El jefe quiere uno de mis libros. Un ejemplar firmado que luego no va a leer. No importa que yo le cuente que no me quedan ejemplares. El jefe quiere sentirse privilegiado. Le digo que puede adquirirlo online en Amazon y Lantia. Pero el jefe no está dispuesto a gastar su dinero en mí, por muy bajo que sea el precio. El jefe no entiende o no quiere entender las cosas más elementales. Y sospecha. Y pregunta. Cuánto pagan por un premio literario. Cuánto por cada edición. Por cada libro. Le sorprende la cifra. Es muy poco, dice. No vale la pena, dice. Por qué lo haces, dice. Esa es una buena pregunta. Por qué lo hago.
El jefe quiere saber si escribo en horario laboral. Le respondo que no. Ni aunque quisiera podría hacerlo. Necesito cierto estado mental. Acá me es imposible. El ojo se acerca aún más. Un estado mental, repite. Puedo sentir el aliento del jefe. Un vapor caliente que me arde sobre la cicatriz del hierro caliente.
No quiero que haya problemas en el trabajo por culpa de ese hobby. Por qué lo dice.

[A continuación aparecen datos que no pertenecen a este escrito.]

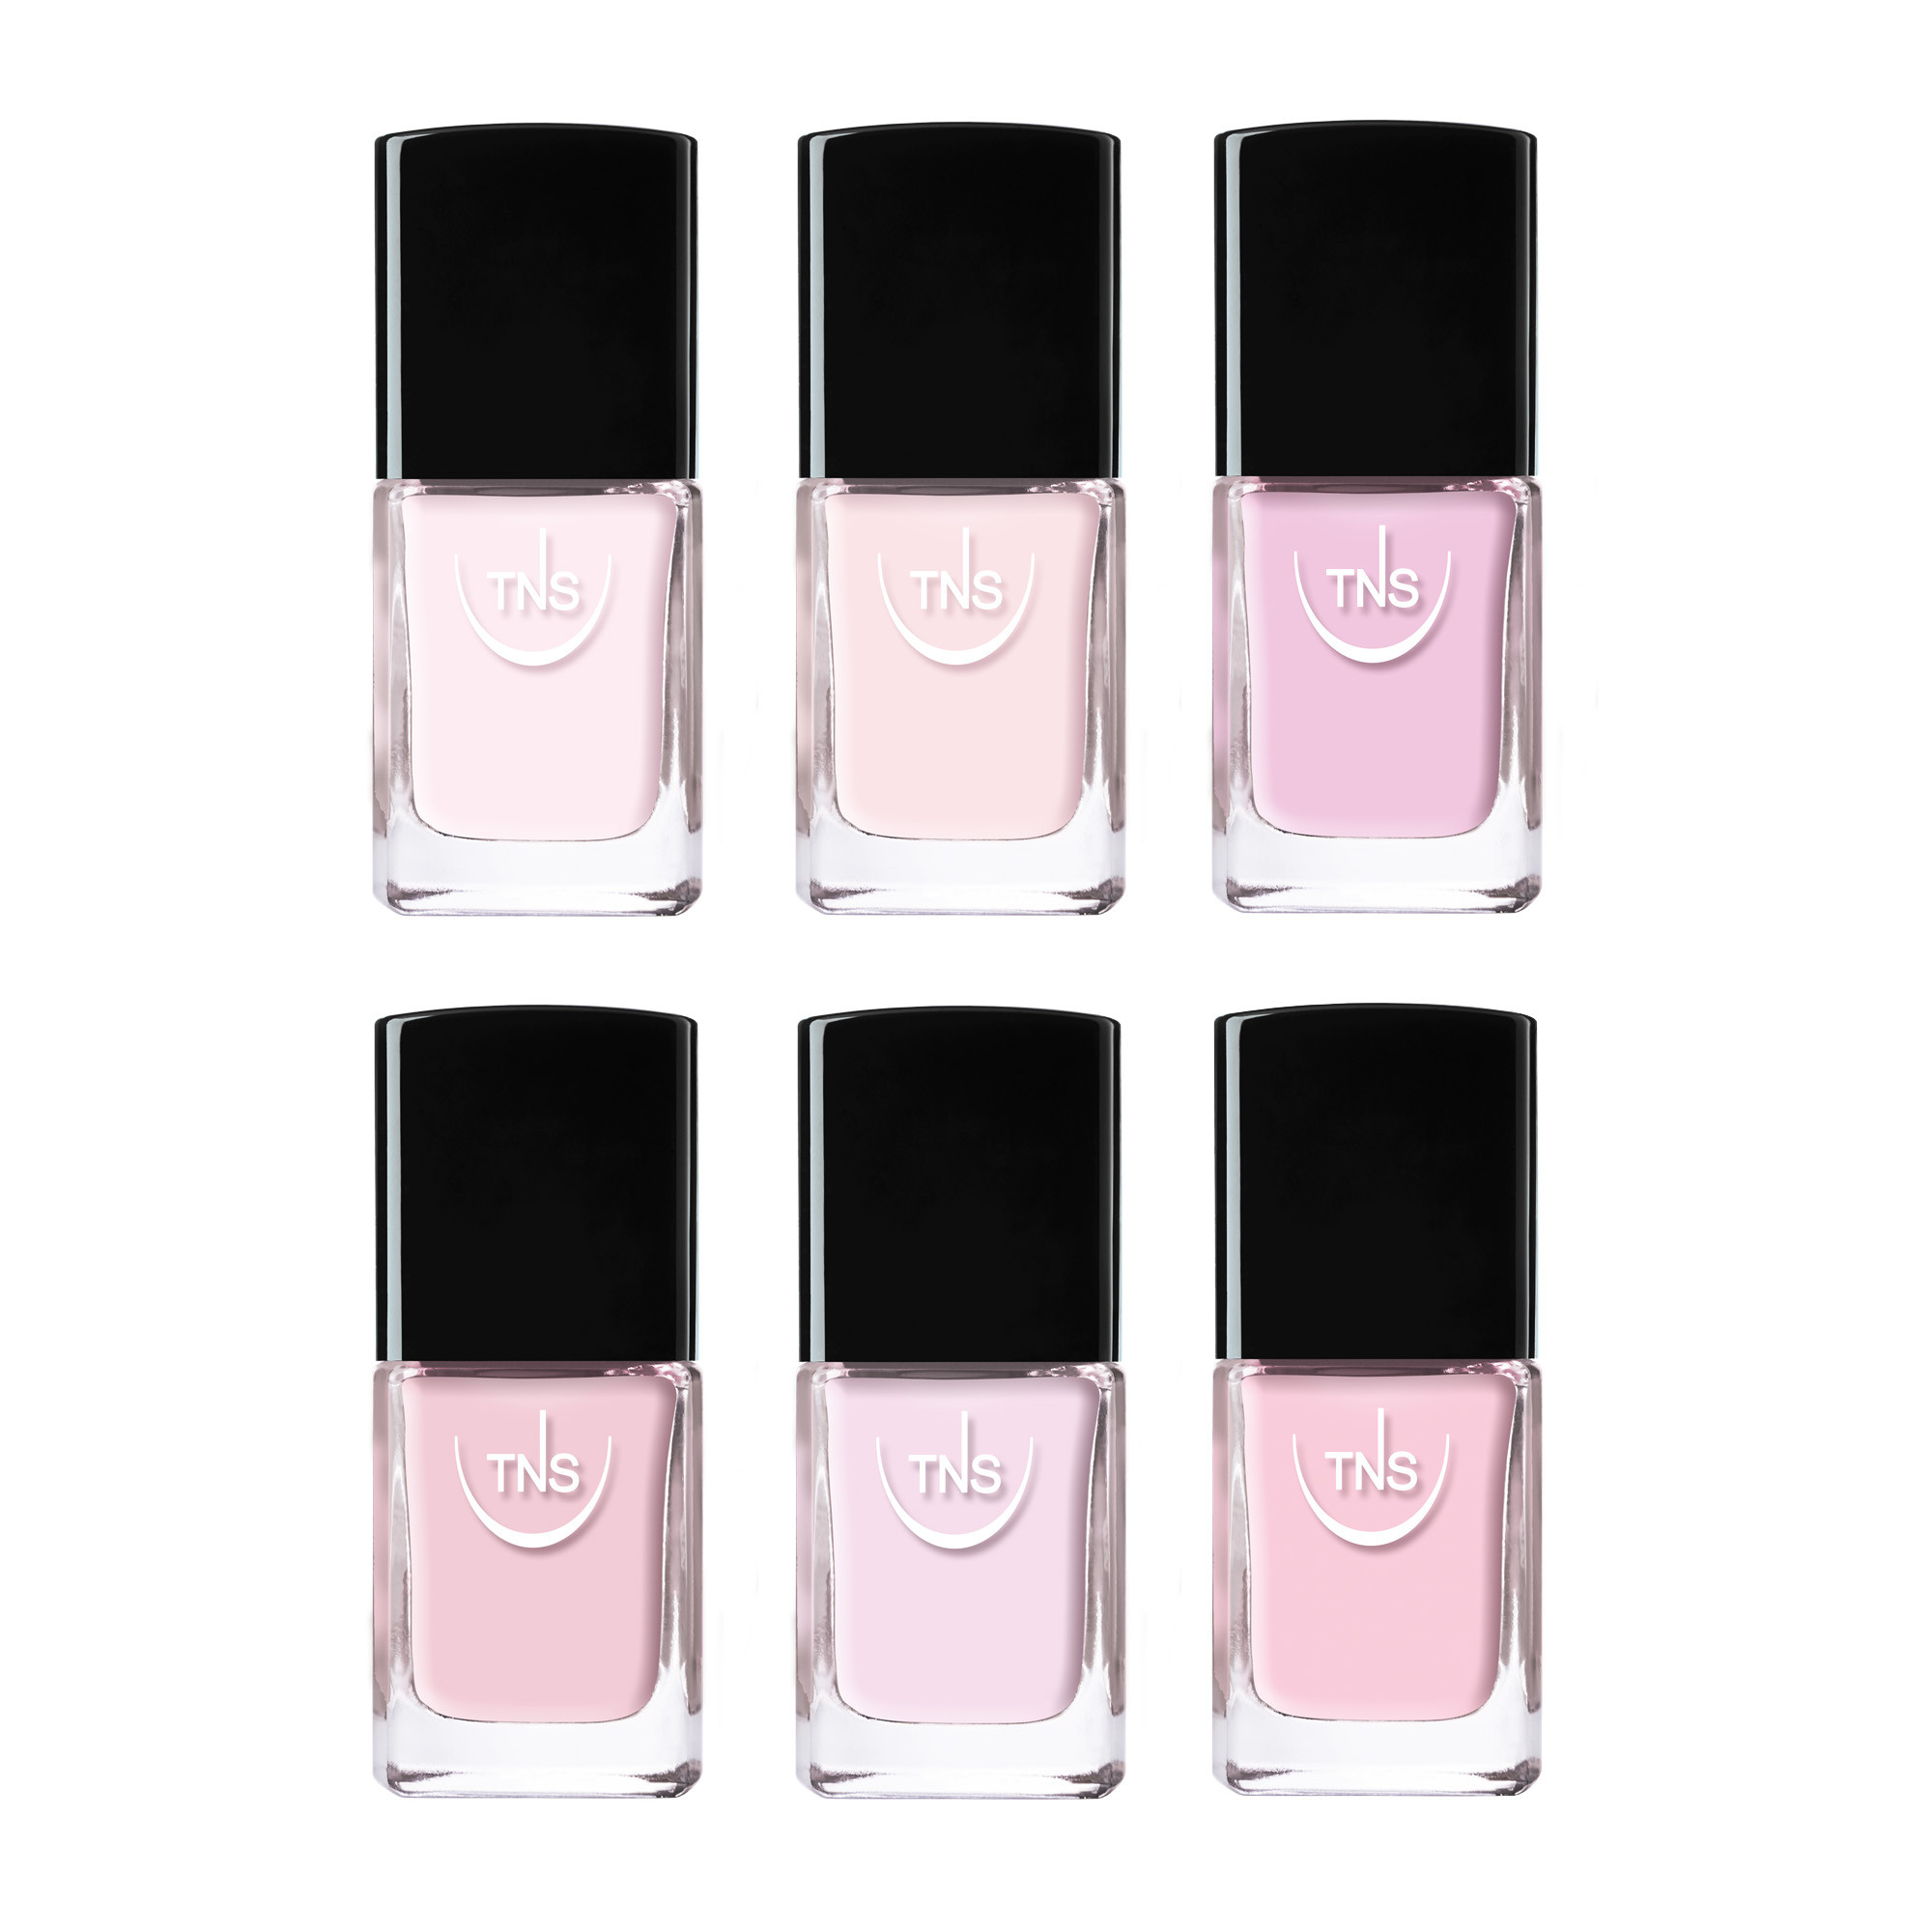 TNS Vanity Roses pink nail polish 24-pack display

No quiero que luego venga a pedirme permiso para ausentarse. Descuide. No quisiera tener que despedirla. Trago en seco. Soy la única entrada fija de dinero que tenemos mi marido y yo.
Cómo va con el trabajo, pregunta. Ya casi termino todas las tareas de la semana. Te llevas trabajo a la casa, pregunta. Recuerdo que el video usurpado está en mi bolso. Dudo. Afirmo.
Salimos de la oficina. Caminamos por el pasillo. La salida está al final del túnel. El sol alumbra con menos intensidad. Pronto se hará de noche. Puedo llevarla a su casa si me hiciera camino. Es demasiado lejos. La puedo adelantar. No hace falta. La parada del ómnibus es muy cerca.
En la puerta, el jefe me cachea el cuerpo frente al guardia de seguridad. Todo en orden, dicen.
Bajamos las escaleras. Yo bajo con cierta dificultad. El bolso pesa demasiado. Aún no me recupero del todo. Aún no alcanzo mi estatura habitual. Miro al reloj. A las siete sale el ómnibus. Aún me quedan algunos minutos. Hasta mañana, digo. Dentro del bolso el video usurpado grita cada vez con menos fuerza. Aprieto el bolso. Tengo ganas de salir corriendo. Sospecharían. Una persona que corre por la calle siempre es sospechosa. Relájate, pienso. Ya casi llego.